What this task involves:
What you give back must match the data exactly, minus the pictures.

Data segment:
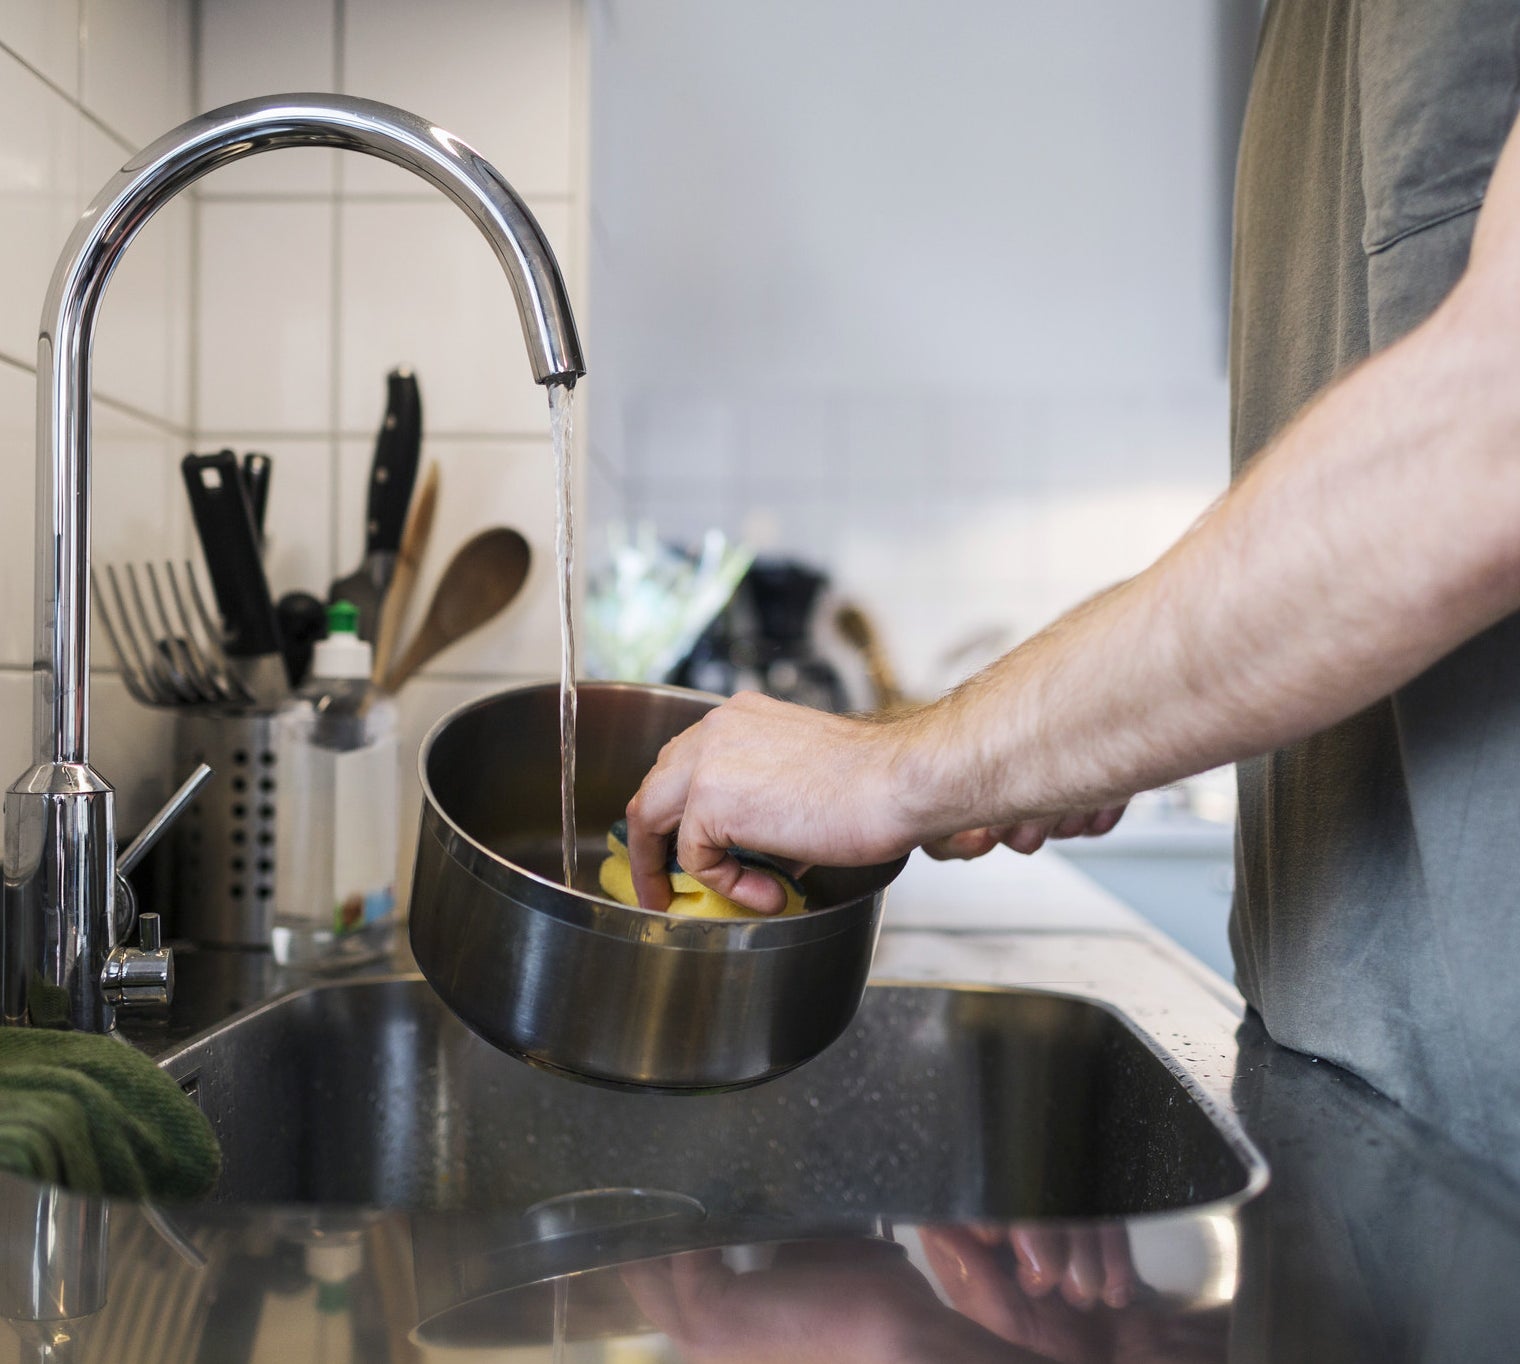 man washing sauce pan with sponge at sink.
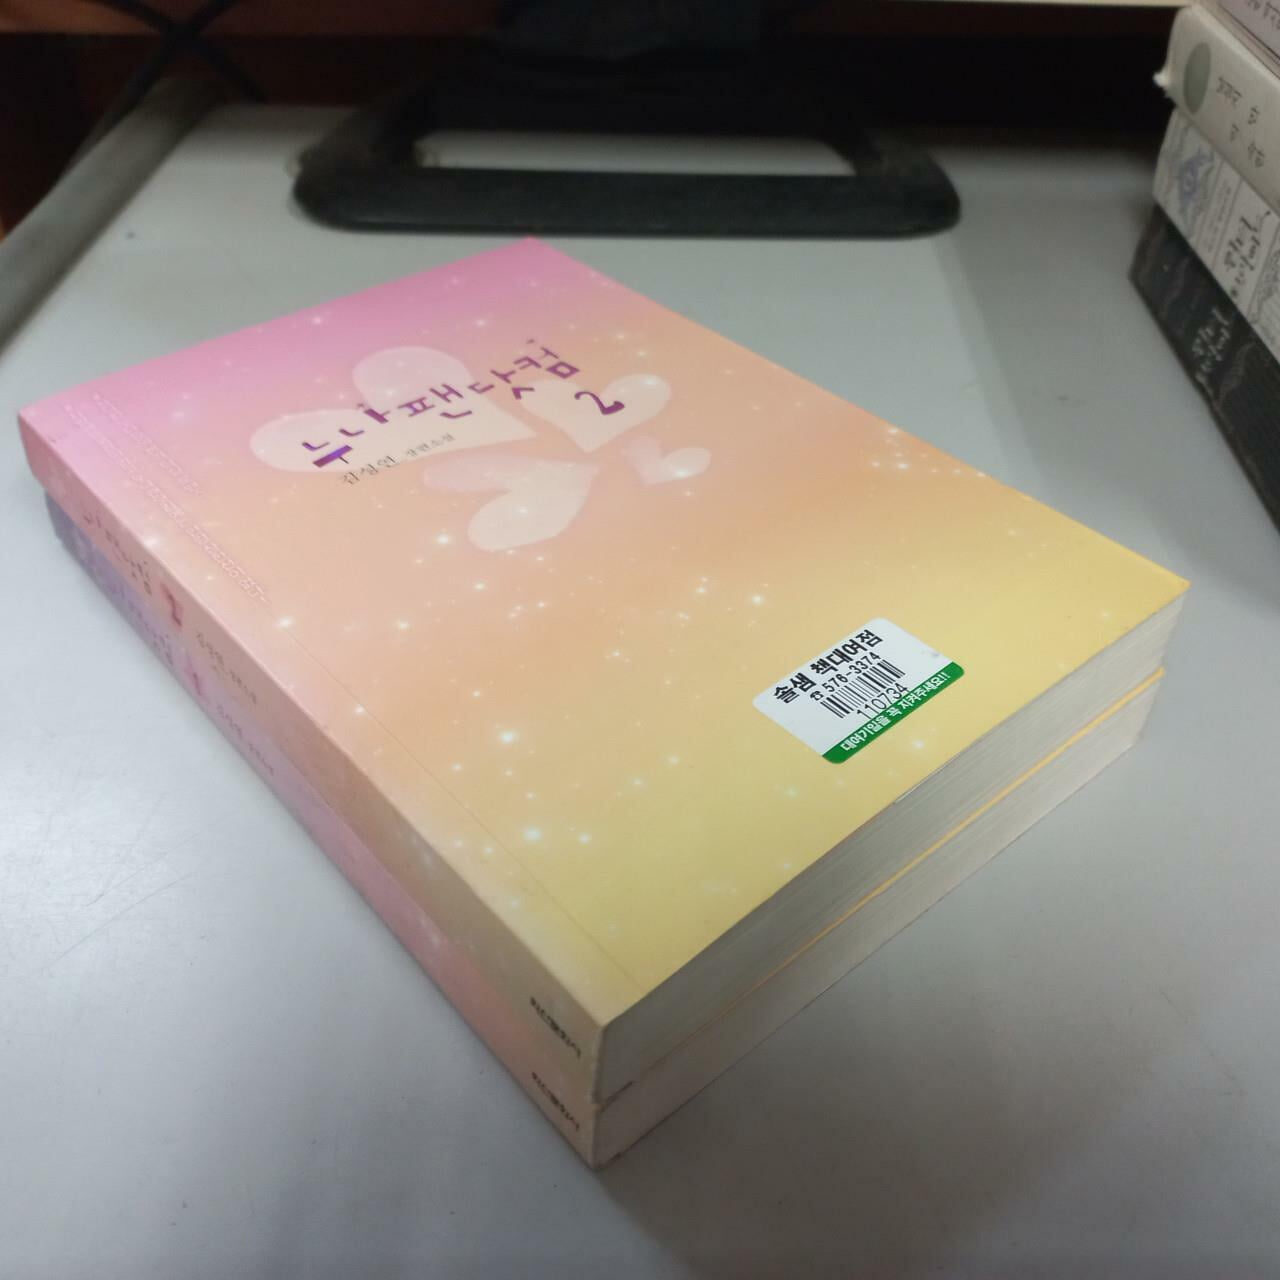 누나팬닷컴1-2완결 (중고특가 6000원/ 실사진 첨부) 코믹갤러리
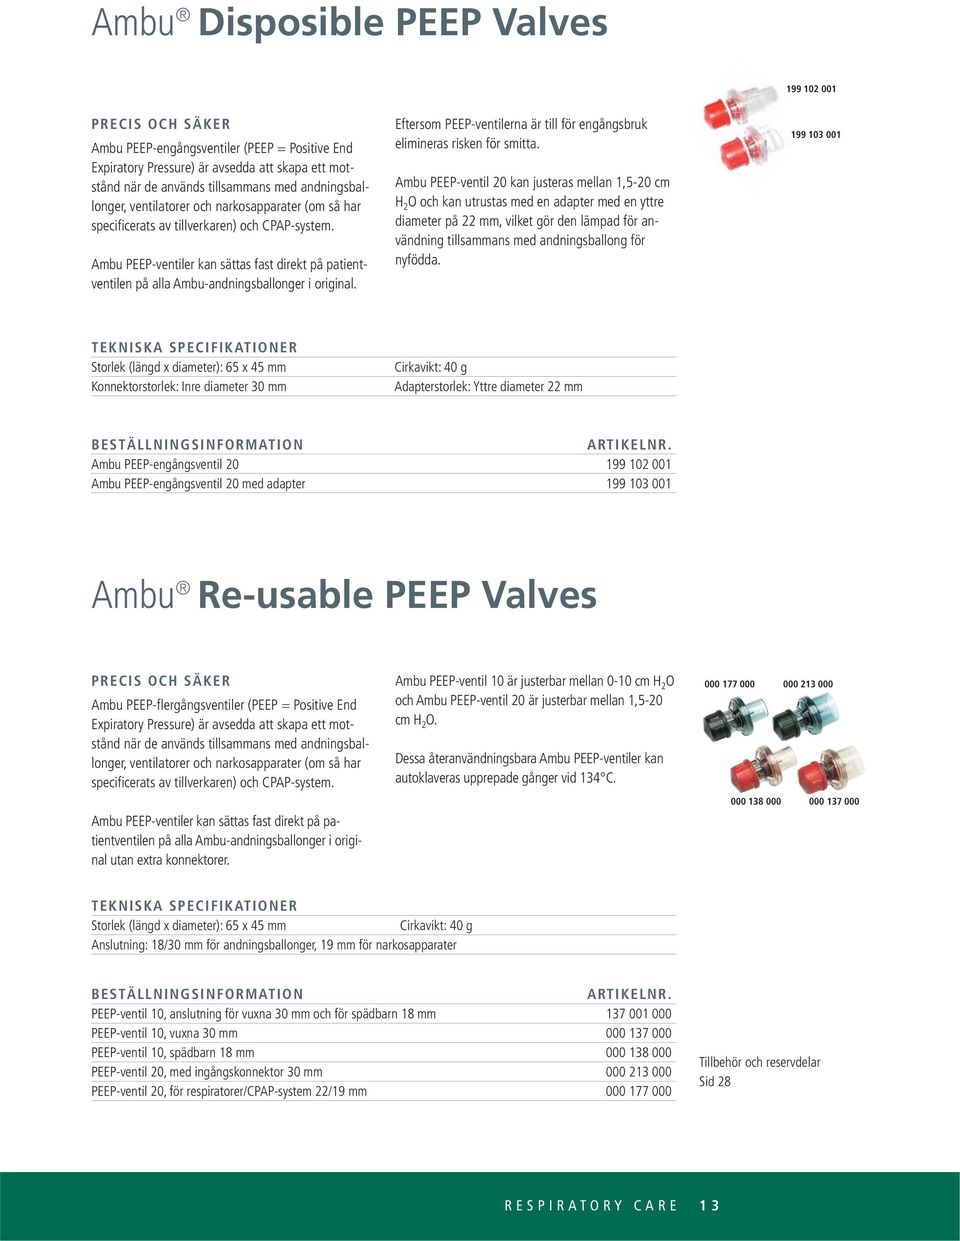 Ambu PEEP-ventiler kan sättas fast direkt på patientventilen på alla Ambu-andningsballonger i original. Eftersom PEEP-ventilerna är till för engångsbruk elimineras risken för smitta.

Task output:
 man washing sauce pan with sponge at sink.
 누나팬닷컴1-2완결 (중고특가 6000원/ 실사진 첨부) 코믹갤러리
 Ambu PEEP-ventiler kan sättas fast direkt på patientventilen på alla Ambu-andningsballonger i original. Eftersom PEEP-ventilerna är till för engångsbruk elimineras risken för smitta.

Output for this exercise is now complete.